I shall begin with a rant of my own to get this page started off.
Vampire slayers come in all manner of shapes, sizes, sexes, and species. They come in small, private-sector firms, and large, government-sized organisations and they come in disguise. They come in through the doors and the windows and down the chimney if they can.
Now, I have taken the pledge, like this lot, for the love of a wicked woman: my Dark Bride; the beat of my unbeating heart; milady Lucy Bountilaire. Her tender concern for our fellow bipeds is compelling. Human beings are people (of a sort), and it just doesn’t seem sporting to take their blood without their permission any more.
Sigh.
Okay. So one is obliged to ask permission (if only to keep this lot off one’s chest). It requires dinner and a movie to take a drink on draught. The rest is from the bag these nights, and one is told one must be grateful for that.
I try. I really do. I go to meetings.
The question is... what to do with the beggars when they arrive unexpectedly and uninvited?
It’s all very well arguing, as Lucy does, that humans’ mayfly lives are precious to them. However much turning to dust is inevitable for them, to take such a small gift from the poor creatures would be cruel. Fair enough. I can exist above the level of my thirst and practise good works, and enjoy a blissful marriage. As opposed to the other kind.
Only. Only they don’t all potter past us in the night; oblivious to our existence and the thirst that never ends. Slayers arrive equipped with a variety of baggage. Burglary tools. Holy objects and substances (often toxic). Righteous anger you could shave with. The generosity and gentle forgiveness of a first wife. Plans for cardiothoracic carpentry.

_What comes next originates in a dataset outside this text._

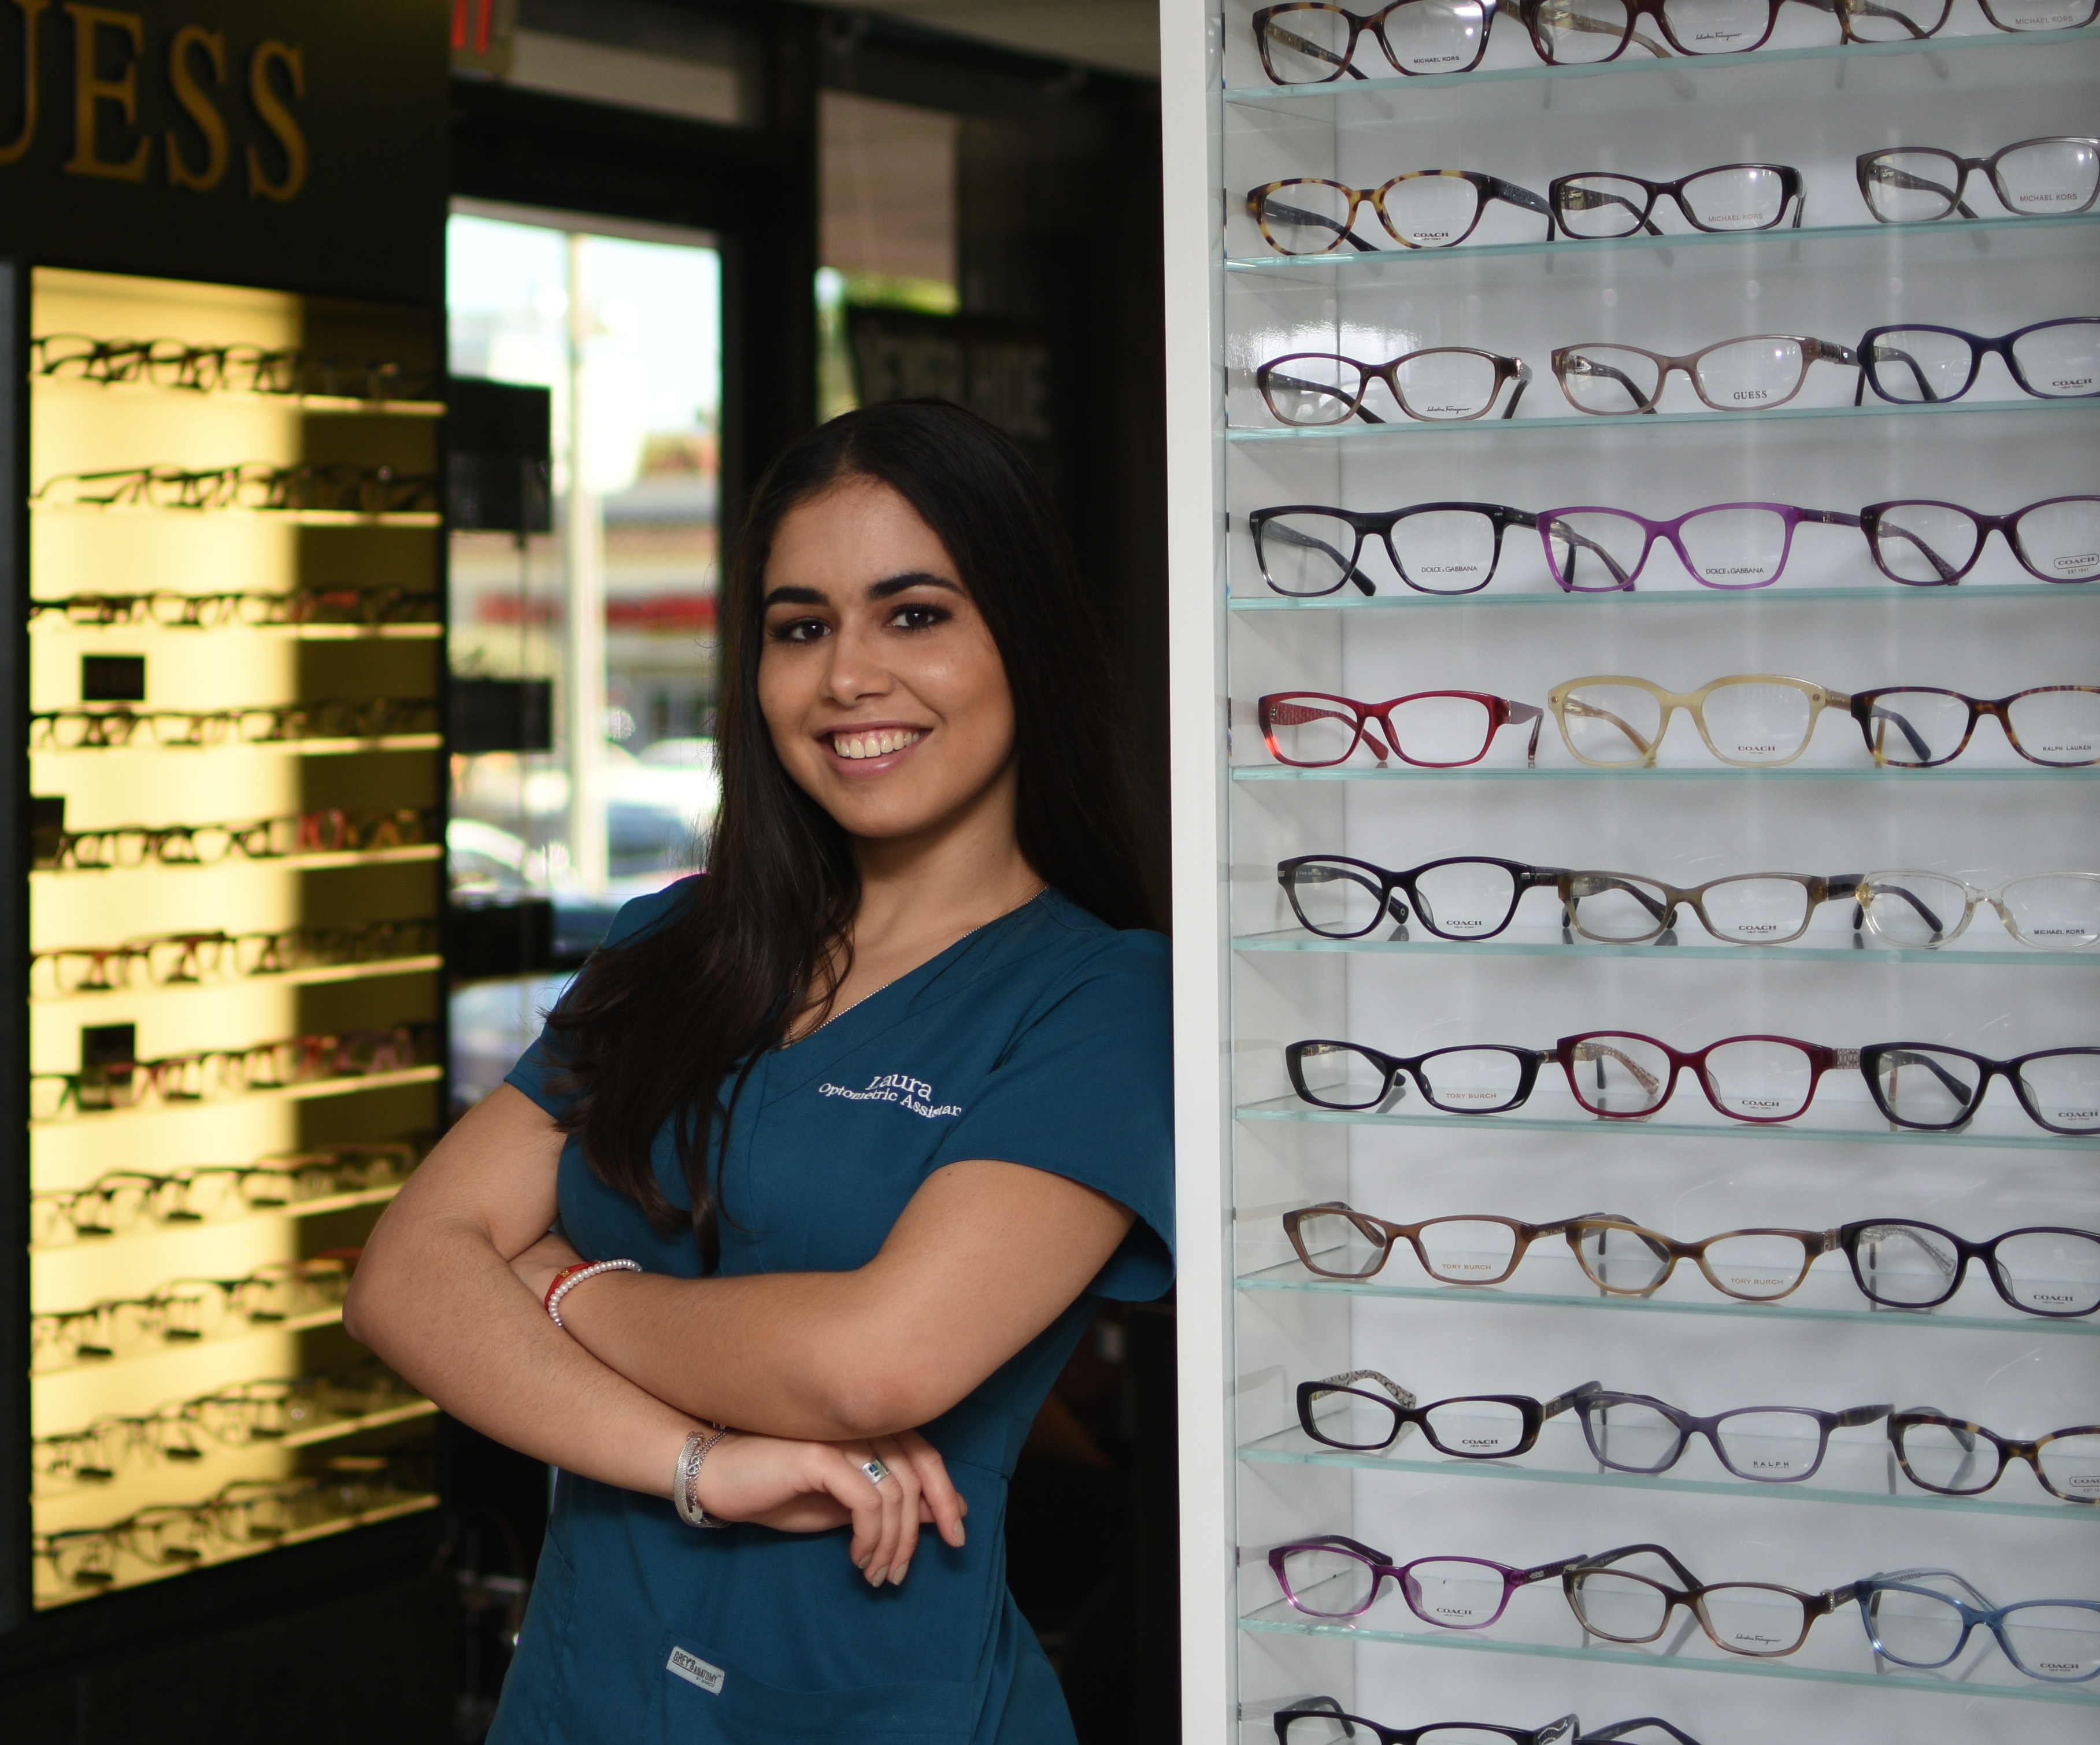 c299286a06bb Laria Eye Care Optometrists and Staff
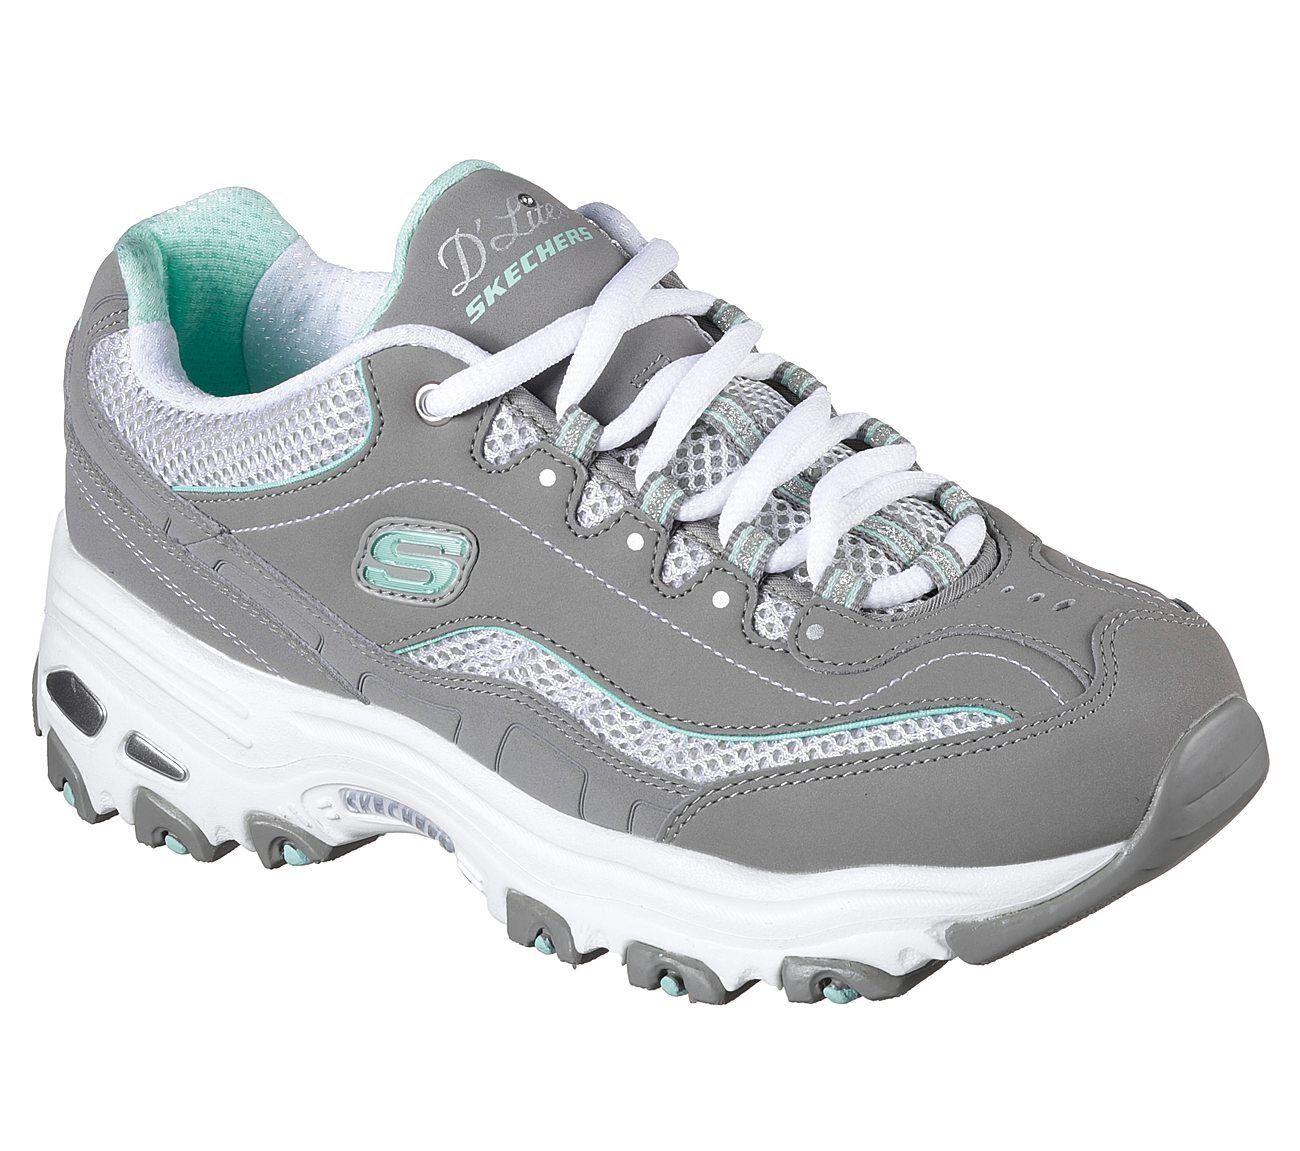 11860 Gray Dlites Skechers schuhe Damens Sport Comfort Casual Soft Memory Foam NEU

One morning you settle down to rest, pull the lid closed after you, and WHAM! Some dreary Van Helsing wannabe’s scratching the lacquer and jimmying off all the ornate carving that’s going to cost a fortune to have repaired. Your bleary eyes, pale and bloodless with exhaustion, stare up into the humourless face of someone prepared to Do The Right Thing, no matter how much it hurts you or stains the flagstones, so it’s up you get, hissing and clawing, dancing the light fandango around the cellar/loft/castle room/belfry, avoiding the light from the cracks in the curtains you left there in your hurry to get to sleep. It’s the drink, you know. The fight can go five ways. You can die. The slayer can die. You can flee, blanketed and gasping. The slayer can flee.
Or you can capture the slayer. What then? Lucy says you should let them go with a warning and an invitation to come back for a chat some night to see if there is room for you both to compromise. Note that ‘both.’ You were just minding your own business, sleeping it off and dreaming of the plastic delights of a reheated half litre of A+ and watching a game of floodlit football before off to the seedy end of town to find the special muggers with too much stolen cash and too little interest in folklore and horror films. You didn’t ask some skinny pubescent or overheated dhampir with a sense of grievance to burst you door down. You only come in when invited. But no! They have to turn up, disturb your sleep, and try to fit you with an ash wood aorta. What room to compromise is there? The slayer believes you’re a Hell-spawned monster fit only for a Tequila Sunrise without the tequila but with a side order of Special Ribs. You believe that they’re about a hundred pounds of meat soaked in the world’s finest marinade. Now that they know where you live the only way to avoid having to relocate and find another nest is to slip them the enamel syringe, glug glug, yum yum, and it’s off to the mortuary for them and it’s down to the Coroner’s house tonight for a spot of hypnotic suggestion for you.
It makes me mad. Okay, going against my nature and living off ready meals is just about acceptable. I can do it. I really can. But an English vampire’s castle is his home, and I say that if slayers break in with mayhem on their mind, then drinks are on the house, and hard luck to the hapless housebreaker.